Hold on, you claim to work in PE yet you want to be a lawyer??? All of the lawyers that I work with (while extremely valuable) are mundane and seem miserable. I think it would be difficult to go from being the deal guy to the sit in your office til 2 am drafting documents guy but I guess it depends on the personality of the individual.

I have considered law school in the past but having witnessed my gf spend 3 miserable years in law school and then studying and passing the bar was more than enough for me to never want to become a lawyer. Lawyers have become so commoditized and I would never want to be an instrument of business.

Jan 15, 2009

Thank you both for offering some great insight into my questions.

I think the Big 4 idea is fantastic and one I had never considered since I thought the typical path was to use the Big 4 as a career-starter only.

Thanks again...

Jan 15, 2009

You said that you want to build a demonstratable skill set - why would you consider going back to school? A skill set is developed in the workplace.

Furthermore, if you already have an MBA, you'll be going to school for a third round - this may signal potential employers that you're not an on-the-job learner.

My suggestion? Keep your head down in your job while things are as bad as they are. Consider going for the CFA - you could take level 1 in June. It'll build your financial aptitude, and you won't have to stop working.
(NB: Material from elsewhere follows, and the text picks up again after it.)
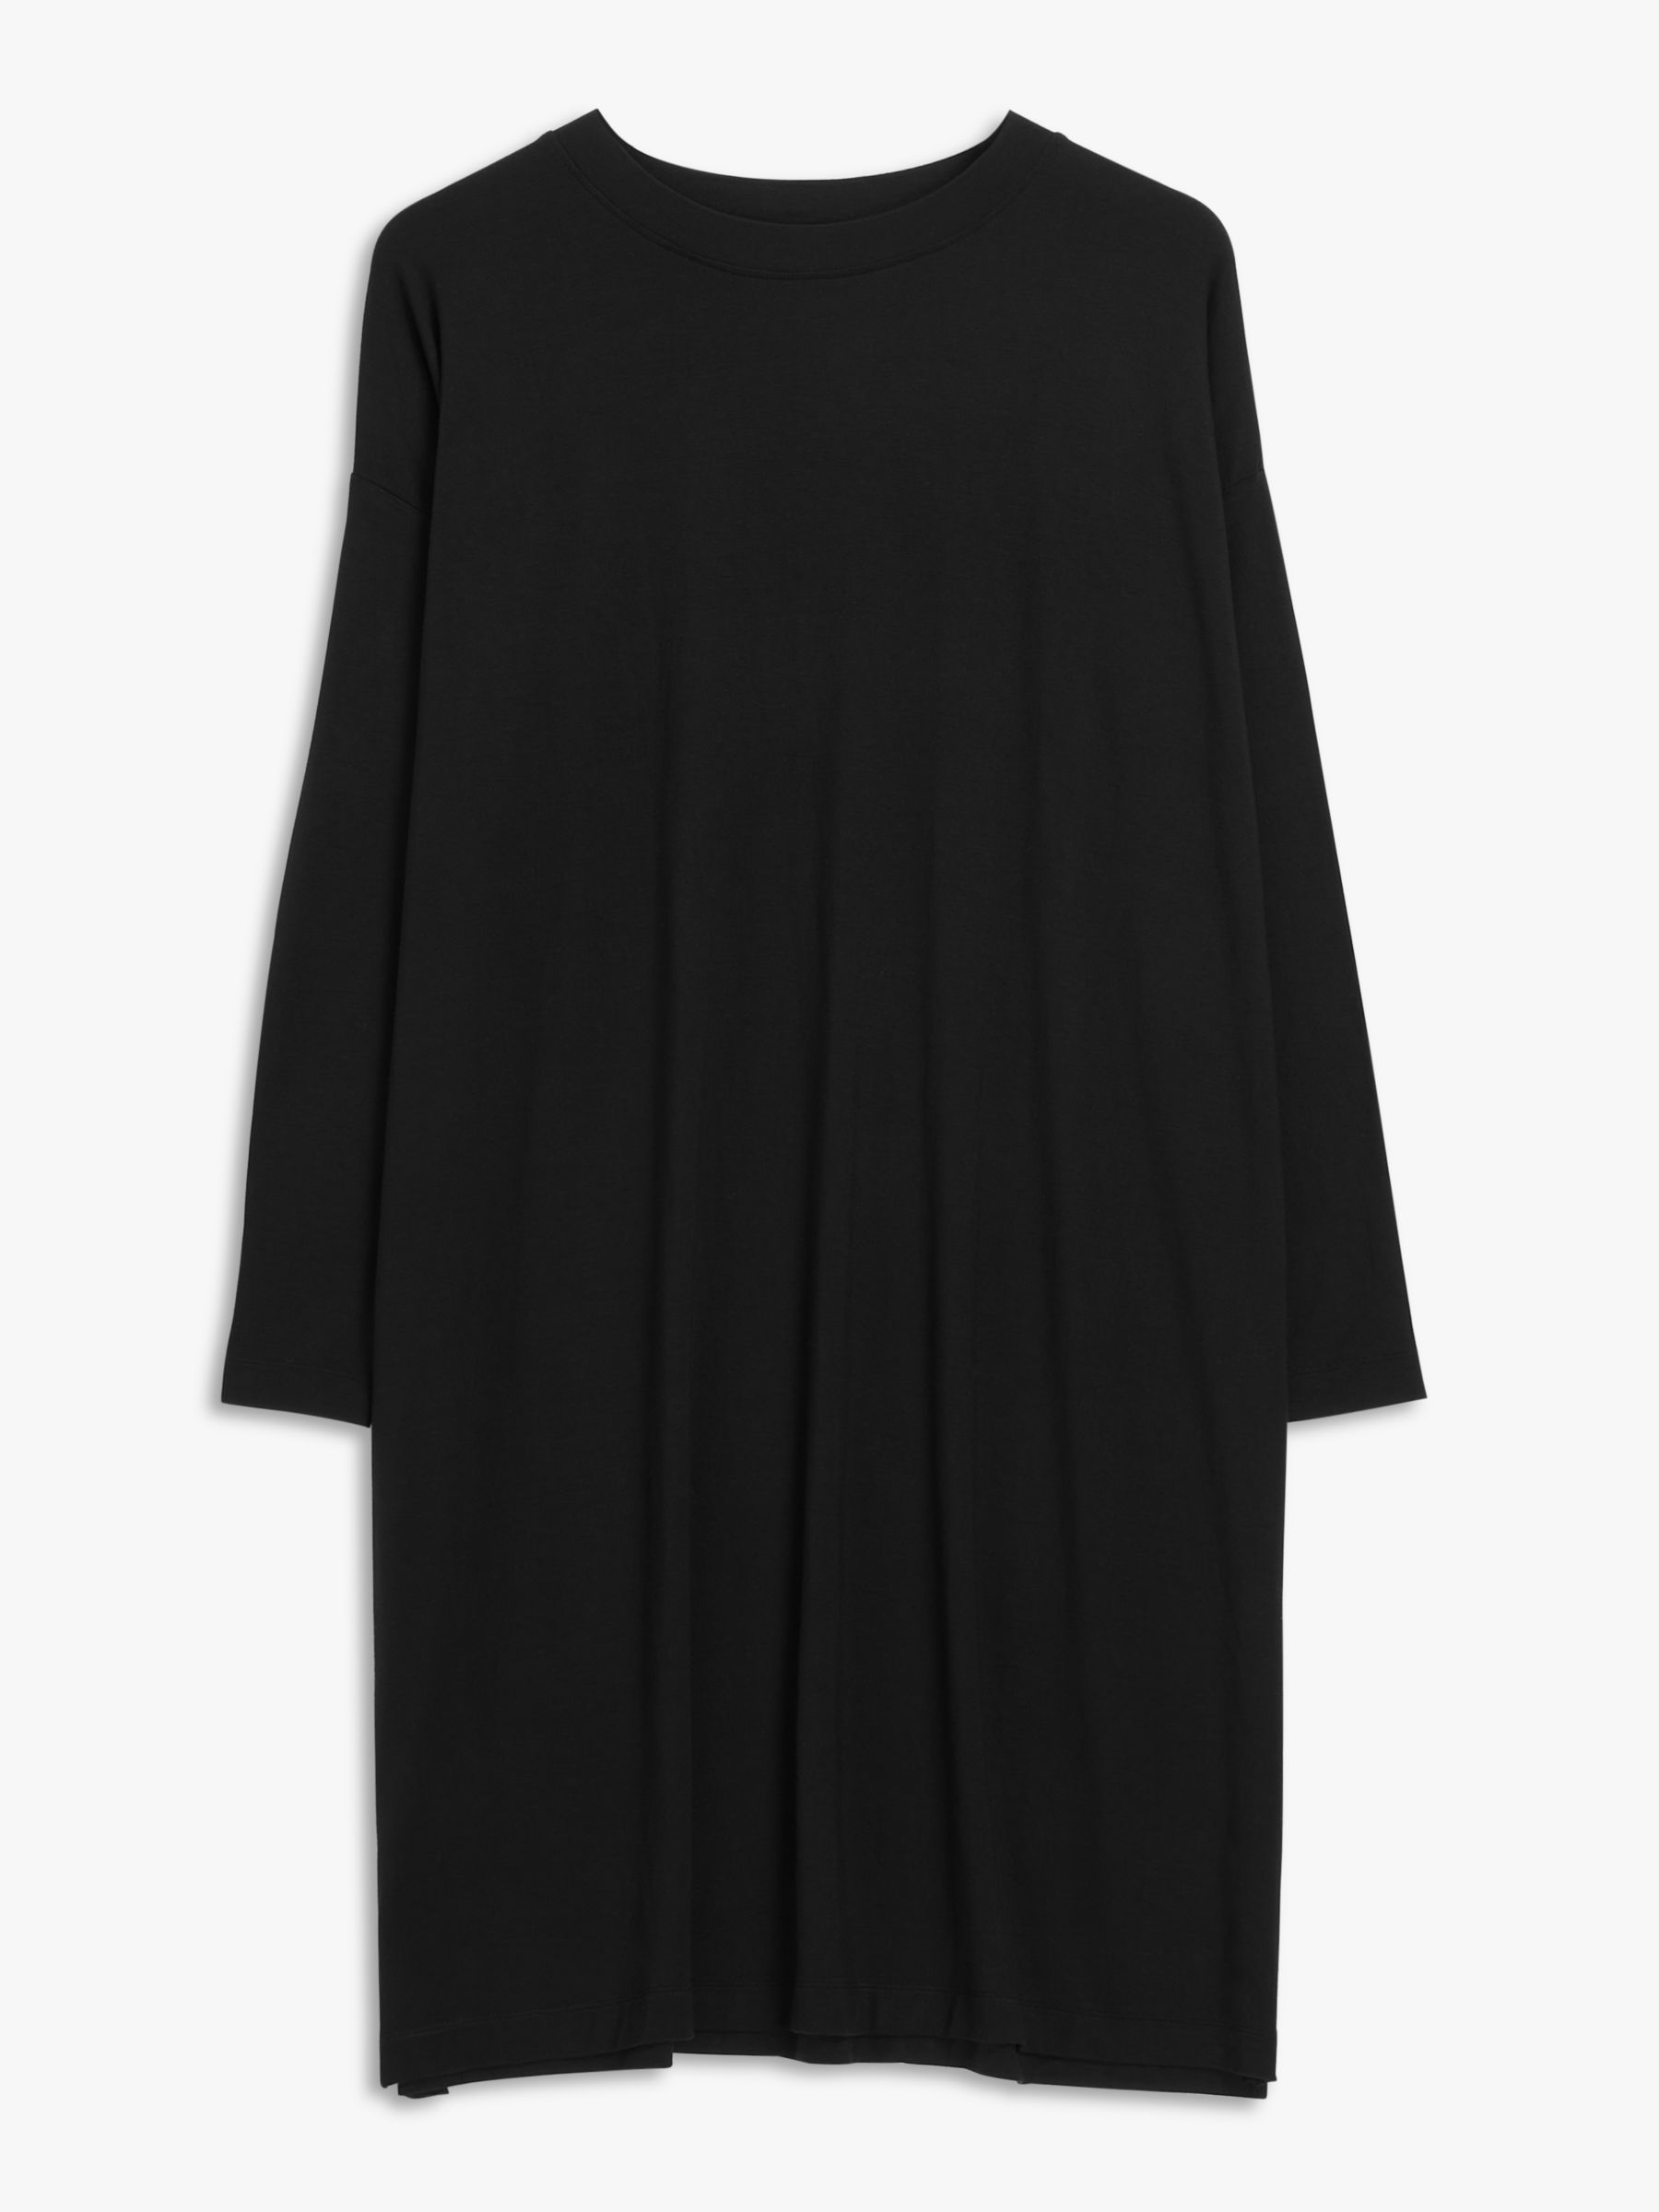 John Lewis ANYDAY Oversized Plain Jersey Dress, Black, XS

Most importantly, decide what you want to do when things get better. You probably know a lot more and have a broader skill set than you think.

Jan 15, 2009

CFA is definitely a big plus, you'll want to go the whole way though because a whole lot of kids have just level 1. A CFA+PE experience is all you would need for most anything that's not quant imo. As for the Big 4 thing, make sure you keep in touch with your contacts in PE because they could be useful, both for jumping back into PE, or bringing in revenue as a partner in your firm (Senior Advisory partners clear 1-2 mil a year).

Jan 27, 2009

Thanks guys for your insight. I have been thinking about the CFA actually and will give it more consideration.

Feb 5, 2009

Learn from my mistake, and don't go to law school. I went to a top law school, have good friends in big law, but I returned to financial markets afterwards. Unless you hate business and have GOOD reason to think you would like doing the nuts and bolts things that lawyers do, you will be well served to not think one more second about law school.

The purported flexibility of a law degree is SO overstated (mostly by law schools and people who haven't been), especially for someone who already has an MBA and work experience. If you are not going to become a practicing lawyer, you will learn much more efficiently (and cheaply) on the job, in whatever your next job is. I promise you that.
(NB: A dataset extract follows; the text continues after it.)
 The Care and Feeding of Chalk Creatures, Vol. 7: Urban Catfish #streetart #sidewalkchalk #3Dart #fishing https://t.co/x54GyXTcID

I think previous posters made some good comments. If you think you're rusty on specific skills, address those specific skills. CFA is great for that. Very practical and challenging. Or switch jobs to something safer (audit? I dunno...) if you want career security. Law school is such a vague education for everything other than practicing law (which sucks). It is not a general career education, it is a tax you pay on the way to a shitty but safe career as an attorney. (unless you are one of the chosen few who actually enjoys practicing law-- trust me, they're rare, and many of them aren't practicing in an area that pays well.)

Good luck to you.

Mar 5, 2009

Unless you work at a law firm, you're job security is no better with a JD than without. And even the big firms are laying people off these days. Don't do it.

DON'T.

Jan 17, 2010

From my perspective, don't go to law school for job security, go to law school to get a different job. With a law degree working in PE, you will be bringing a little more to the party (ie regulatory analysis, tax impact, etc). However, to get the documents drafted, finalized and filed, Legal will be called - not you. And, remember, membership in a state Bar association is required to practice law if you move to another state.
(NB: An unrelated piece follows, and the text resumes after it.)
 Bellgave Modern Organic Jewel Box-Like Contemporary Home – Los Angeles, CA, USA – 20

You should pursue a CFA certificate. It is the gold standard in the Financial Industry. THAT degree would add job security from the perspective of bringing much more to the table (knowledge, analysis, dedication), and would make you MUCH more attractive to the BIG 4 (which is a great career path), And a CFA is tranportable.

Much depends on what you want to do in the future, how old you are, if you have a family, etc. The CFA can be obtained by studying on-line and passing 3 tests. I do not mean to down play the time and effort it would take to earn a CFA designation, but to obtain a JD you have to attend law school (usually 3 years full-time, 5 years part-time). You could work full-time and attend law school part-time and not have a social life for 5 years. I don't recommend it unless you are an alcoholic.

I am currently a regulator in the financial industry. I am a JD and CPA and on a path to begin studying for the CFA level 1 exam in six months. Why? becasue of the knowledge I will obtain and creditability it will give me in dealing with other financial professionals such as you. I wish I had done it 5 years earlier.

Good Luck in your decision.

Jan 17, 2010

Wow this has been pretty elucidating for me. Ive been discouraged with recruiting and sat for CFA level 1 this year to try and add something to my resume. My GPA is finally in a more competitive place, but I had seriously been considering law (partly because i could do ma or phd in philosophy simultaneously) as another option.